Edit config.toml (see also config.toml.example for the same template with setup notes) — Replace template authors (placeholder-target / placeholder-control) with real author rows before any live scrape; the CLI rejects placeholders on discover/metadata/fetch paths.
Optional: Quarto — Required for forensics report and the report step of forensics all. Install Quarto so quarto is on your PATH.
Optional extras (also shown by forensics peer-setup)
- uv sync --extra probability — Phase 9 token features (forensics extract --probability); pulls torch / transformers (large download).
- uv sync --extra baseline — Phase 10 Ollama-driven baseline generation (scripts/generate_baseline.py, forensics analyze --ai-baseline, …).
- uv sync --extra tui — Interactive forensics setup wizard (uv run forensics setup).
Optional: Ollama — For baseline generation, install Ollama and pull the model tags listed in [baseline] models (see docs/RUNBOOK.md); forensics peer-setup prints one ollama pull <tag> per configured tag. Use forensics peer-setup --check-ollama to verify reachability (no auto-pull).

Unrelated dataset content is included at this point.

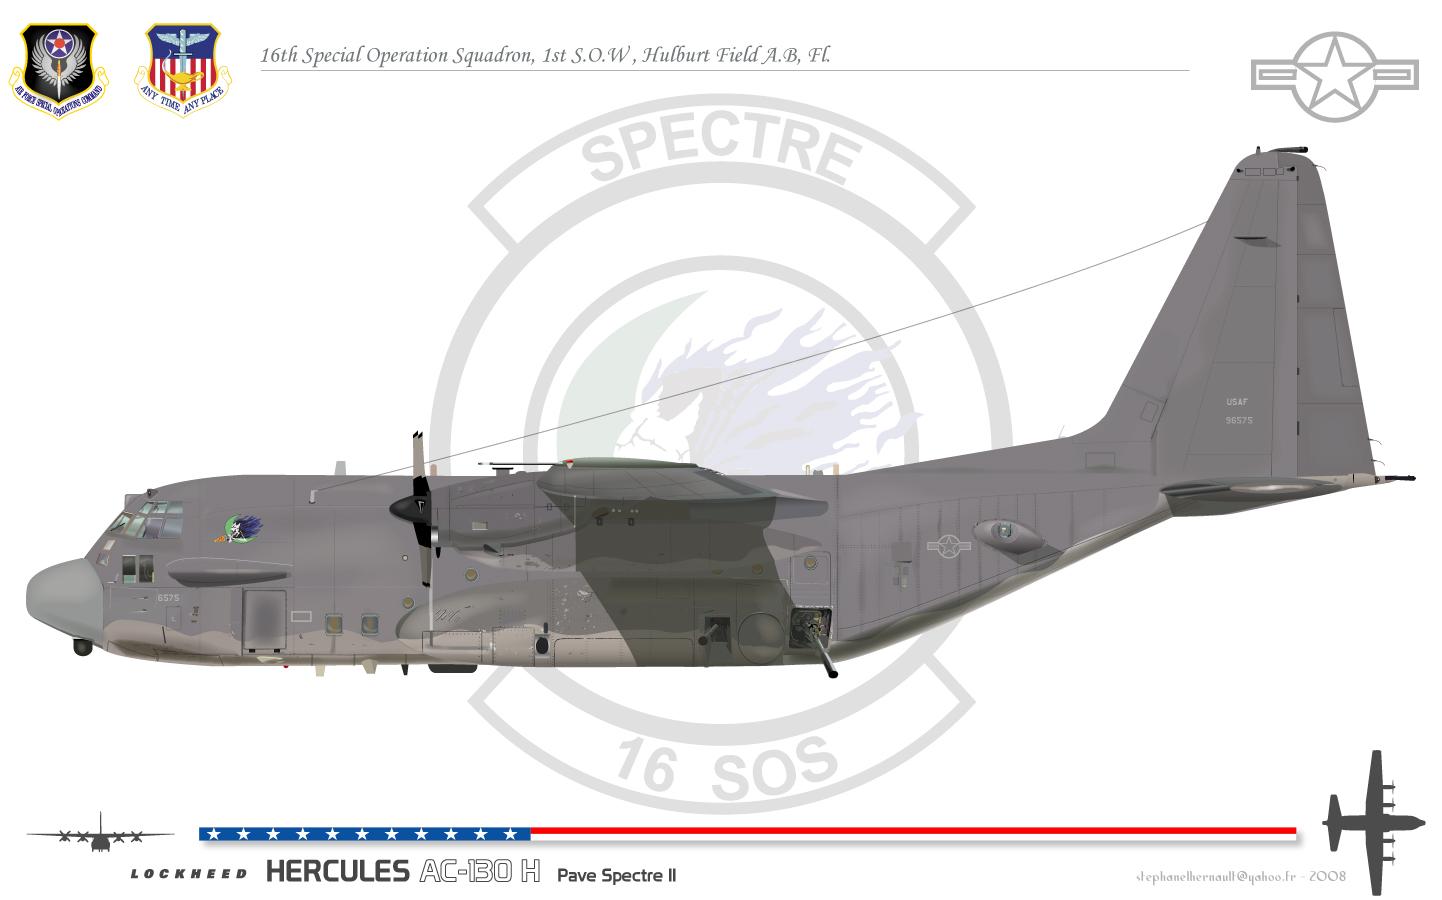 Lockheed C-130 Hercules (avión de transporte táctico medio/pesado USA) Pavespectreii

Validate before a long run

uv run forensics validate
uv run forensics preflight          # add --strict to fail on warnings

Secrets / environment — Copy .env.example if your deployment uses external secrets or observability; the core pipeline is driven by config.toml and FORENSICS_*. Override the config file path with FORENSICS_CONFIG_FILE.

Default SQLite corpus path is data/articles.db under the project root (see DEFAULT_DB_RELATIVE in settings).

Forensic assurance and chain of custody

This project is structured for auditable, staged research: each stage reads and writes defined artifacts so an independent reviewer can trace what was collected, how it was transformed, and which parameters were active.

Stages and artifacts

Scrape — WordPress REST discovery, metadata, optional bulk or per-article body fetch, simhash near-duplicate control (simhash_threshold), persistence to SQLite (content_hash per article, scrape timestamps).
Extract — Deterministic feature vectors to Parquet; embeddings to data/embeddings/; optional probability parquet.
Analyze — JSON results under data/analysis/; analysis run rows in SQLite; corpus custody file written after analysis (see below).
Report — Quarto render from notebooks/ into data/reports/.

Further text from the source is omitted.